→ Dataset extract:
--------------------

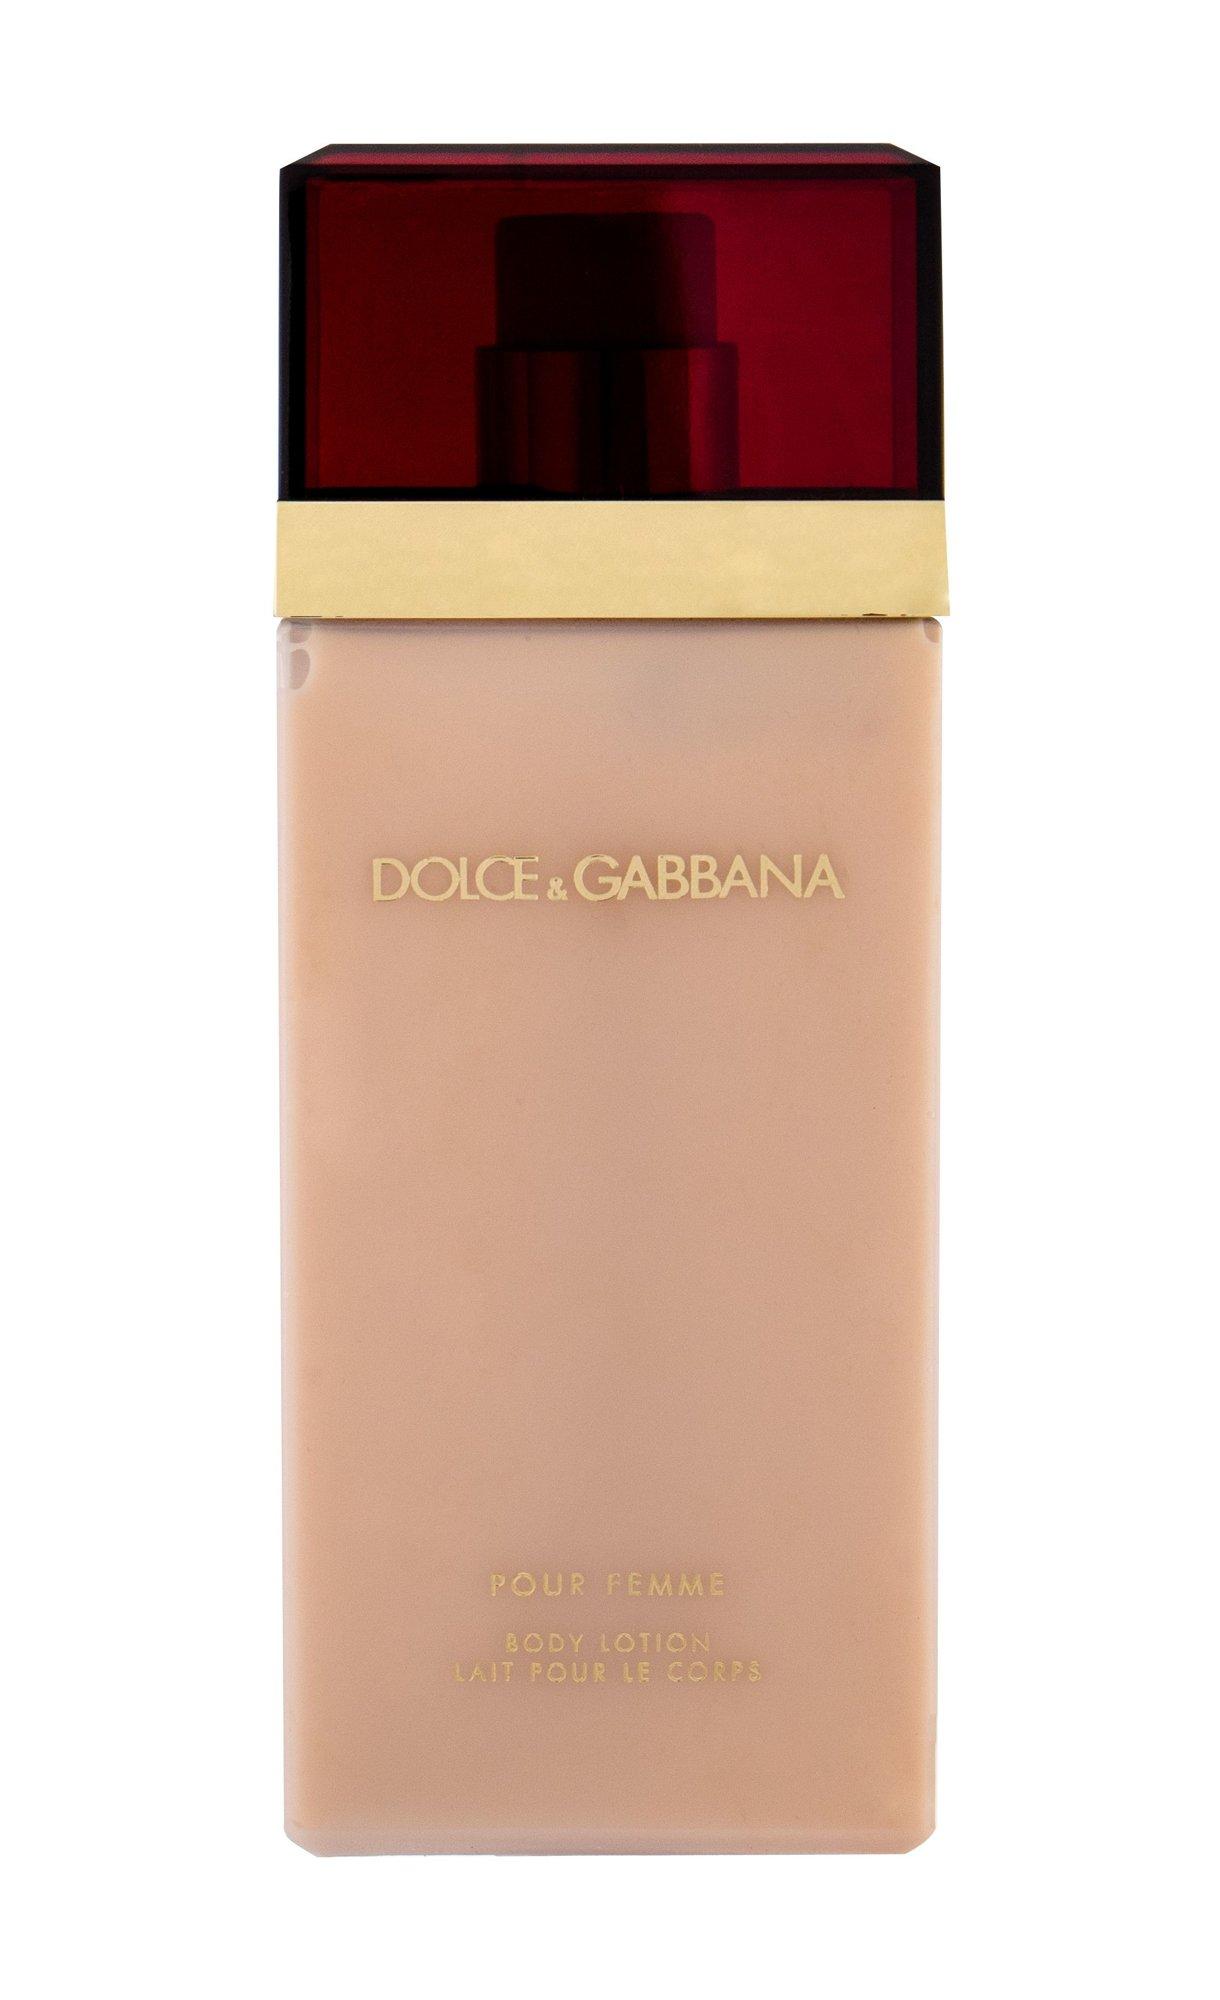 Dolce&Gabbana Pour Femme Body Lotion 250ml
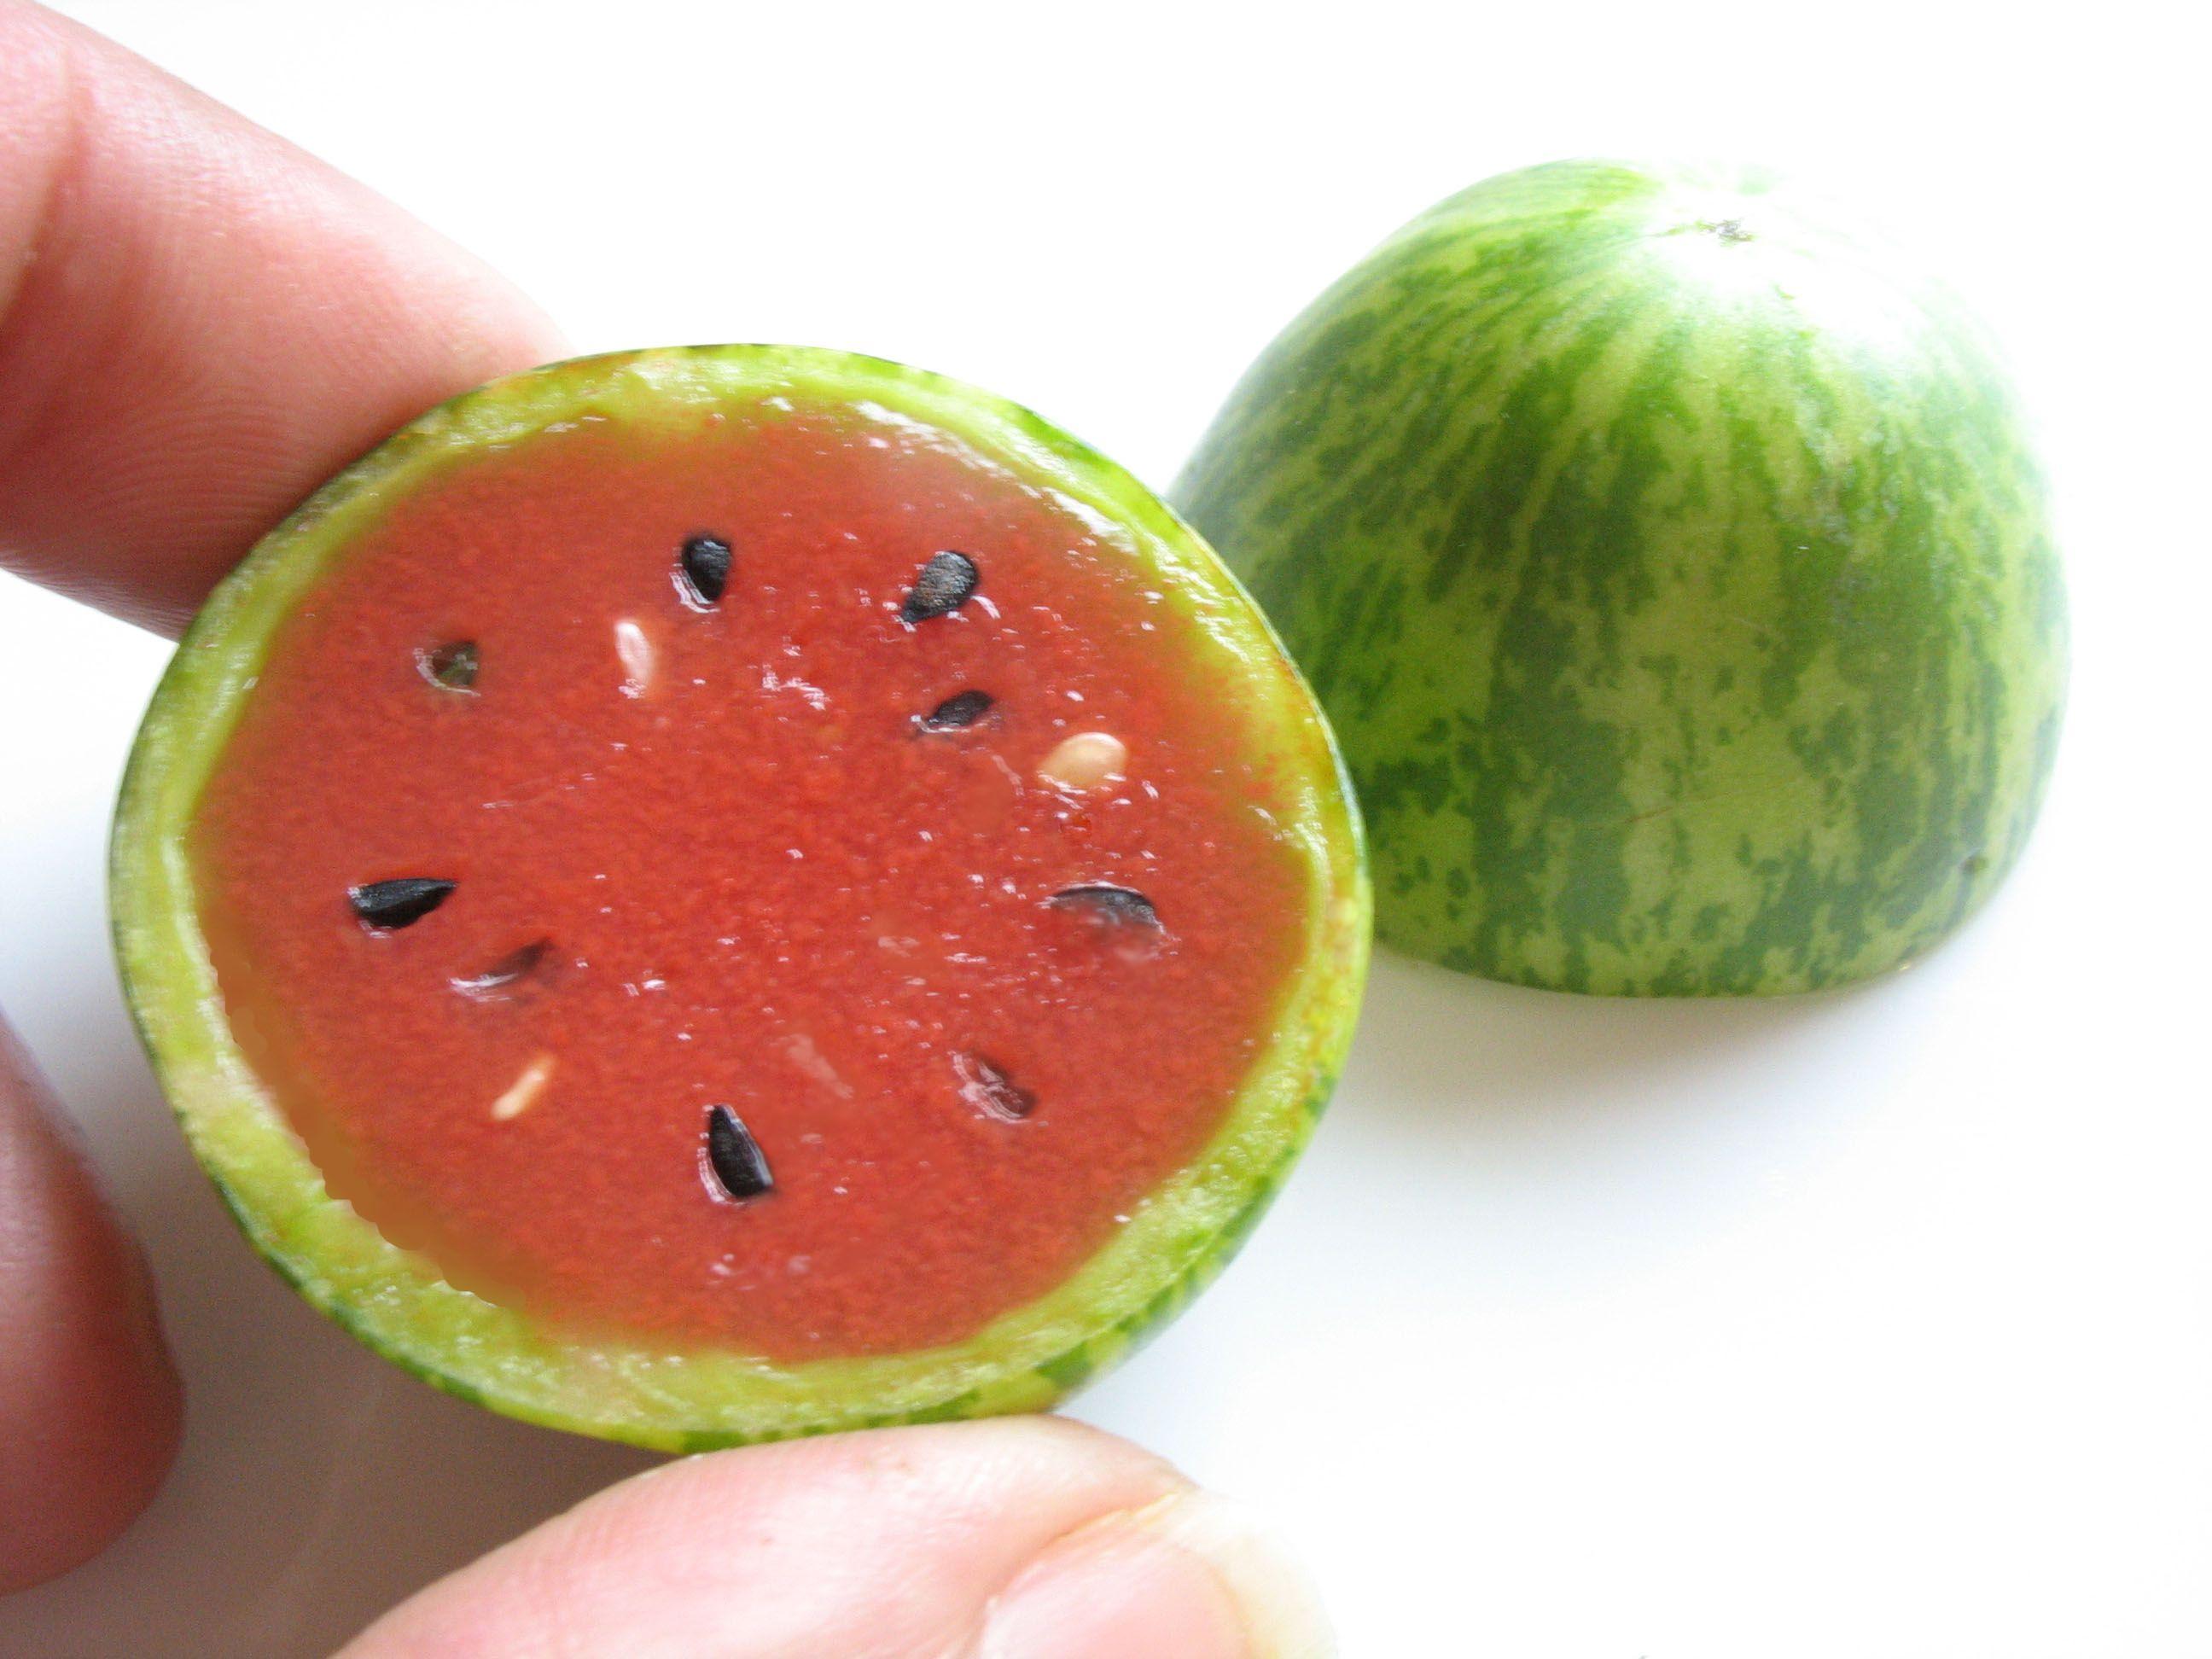 Baby watermelon...how cute!
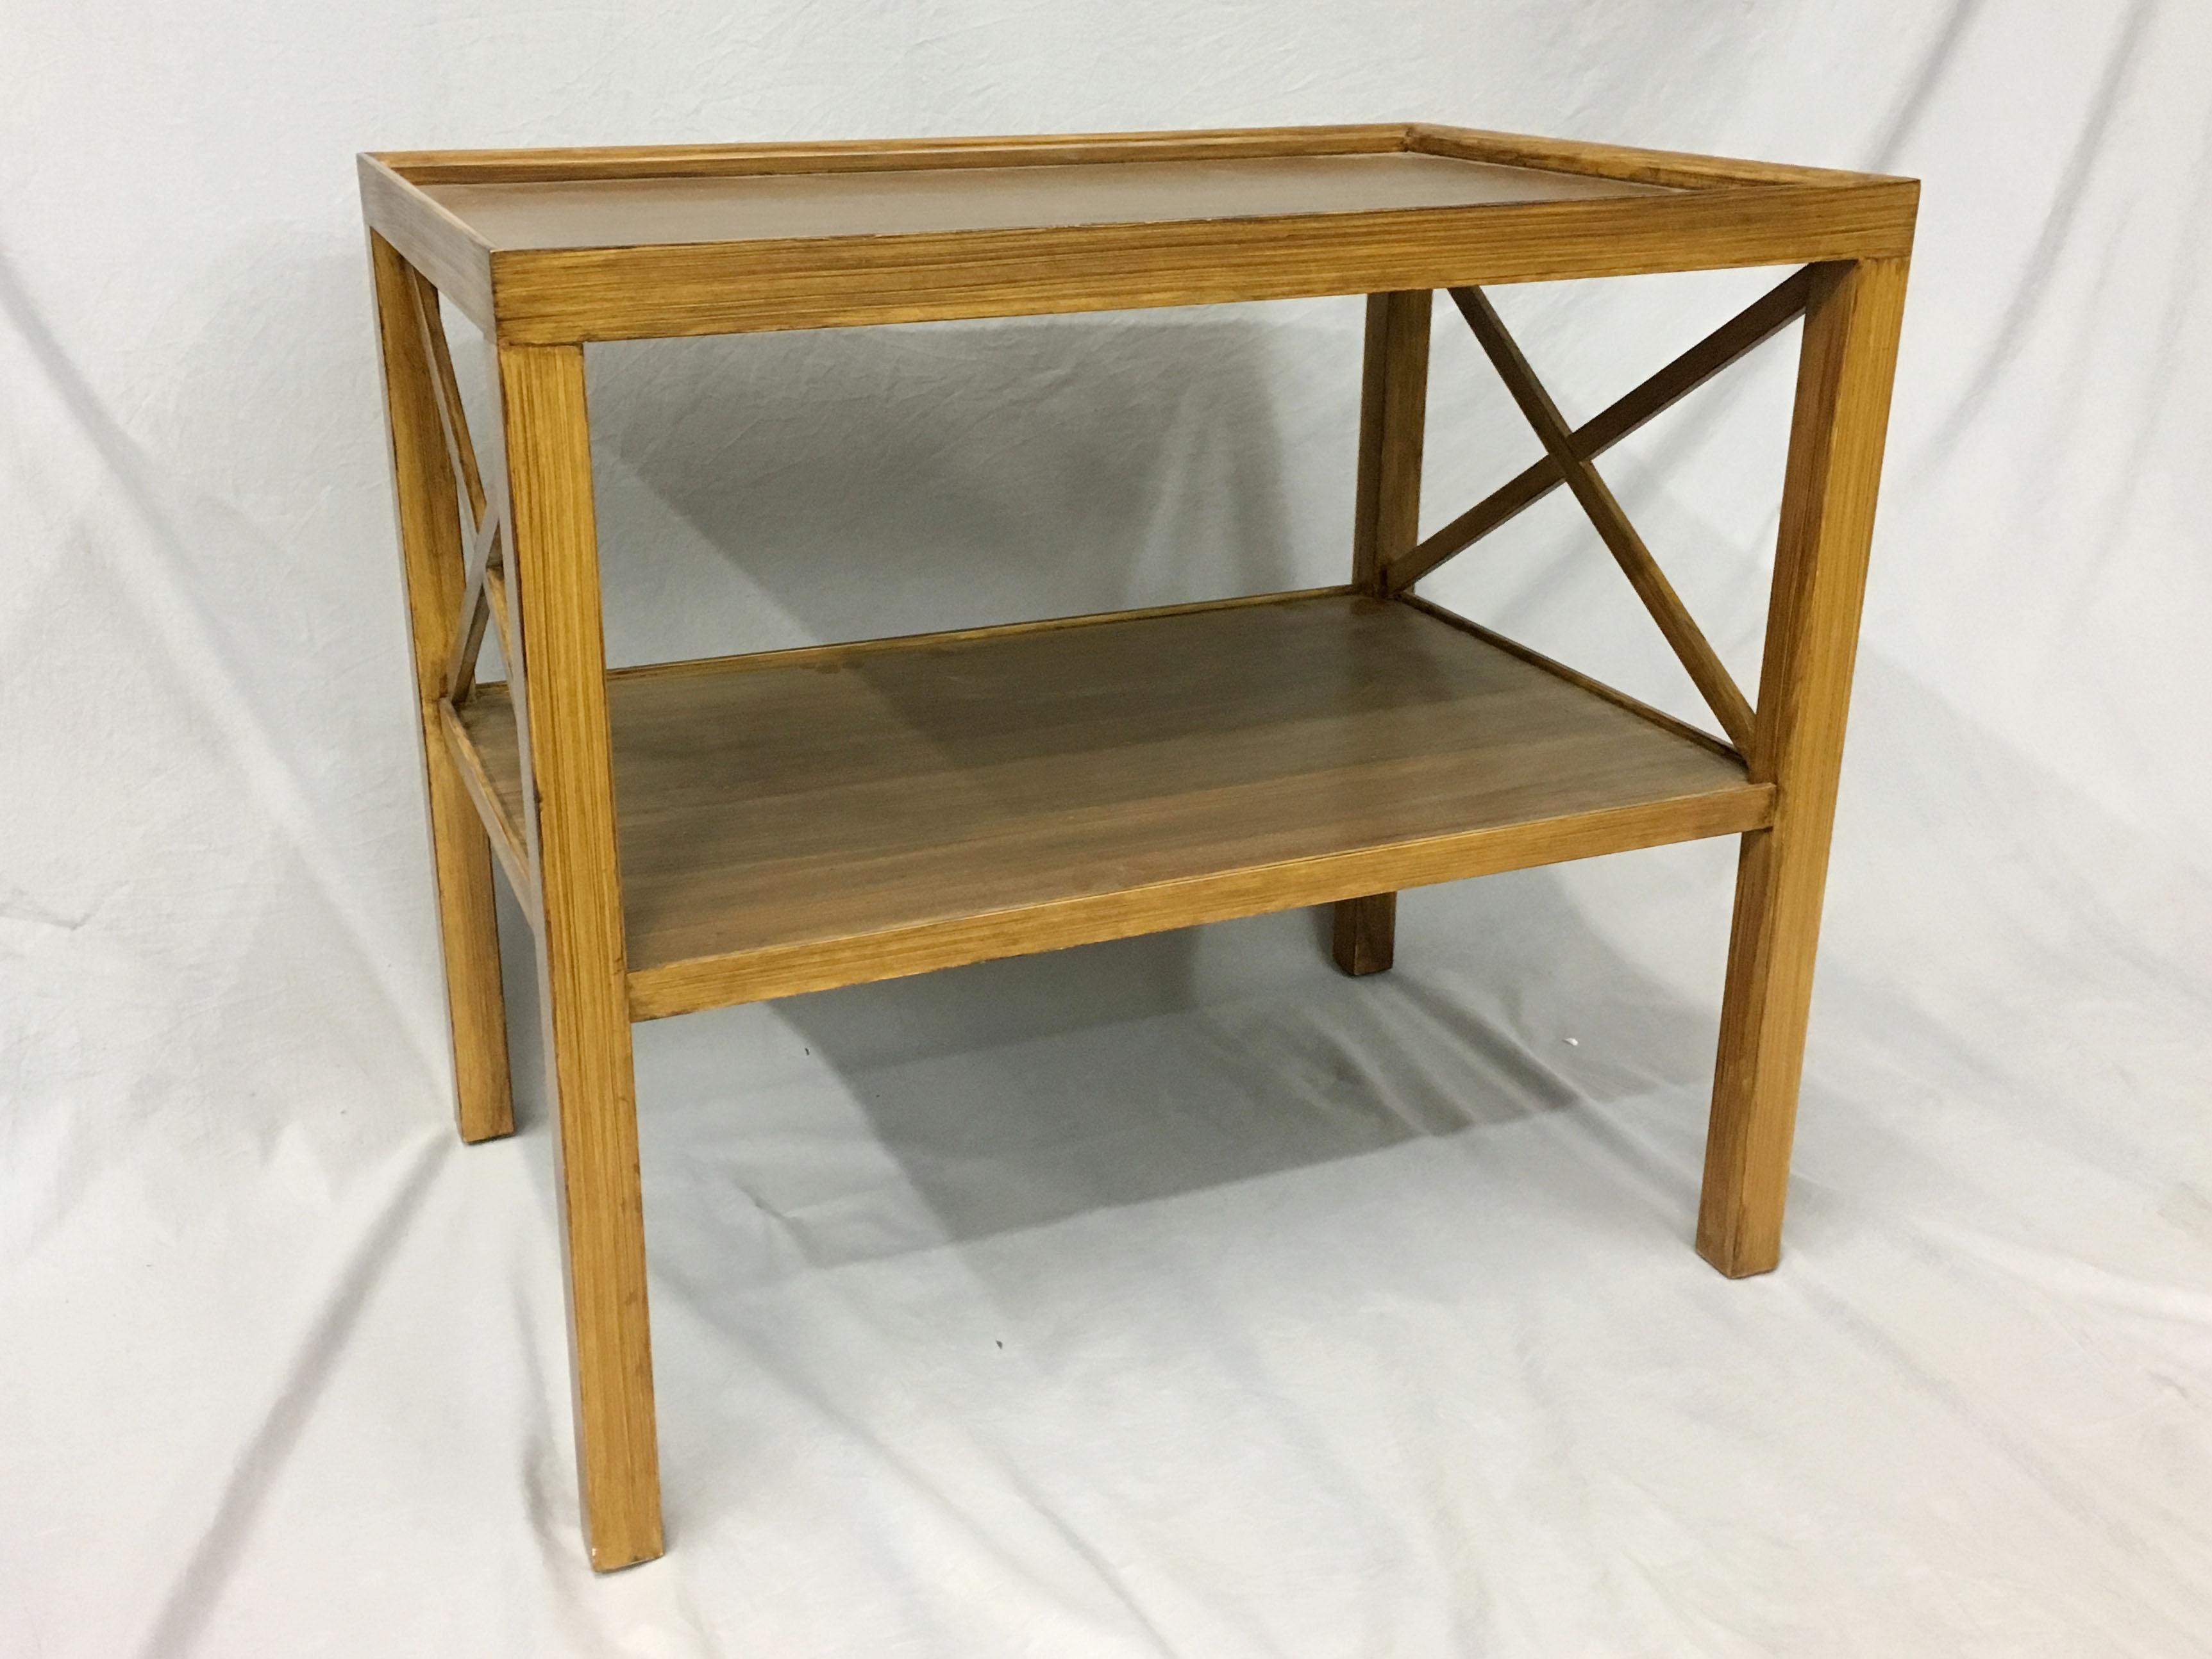 mid century side table with raised edges

--------------------

→ Problem to work on:
Please output all the data exactly as given, with the pictures omitted.

→ Written reply:
 Dolce&Gabbana Pour Femme Body Lotion 250ml
 Baby watermelon...how cute!
 mid century side table with raised edges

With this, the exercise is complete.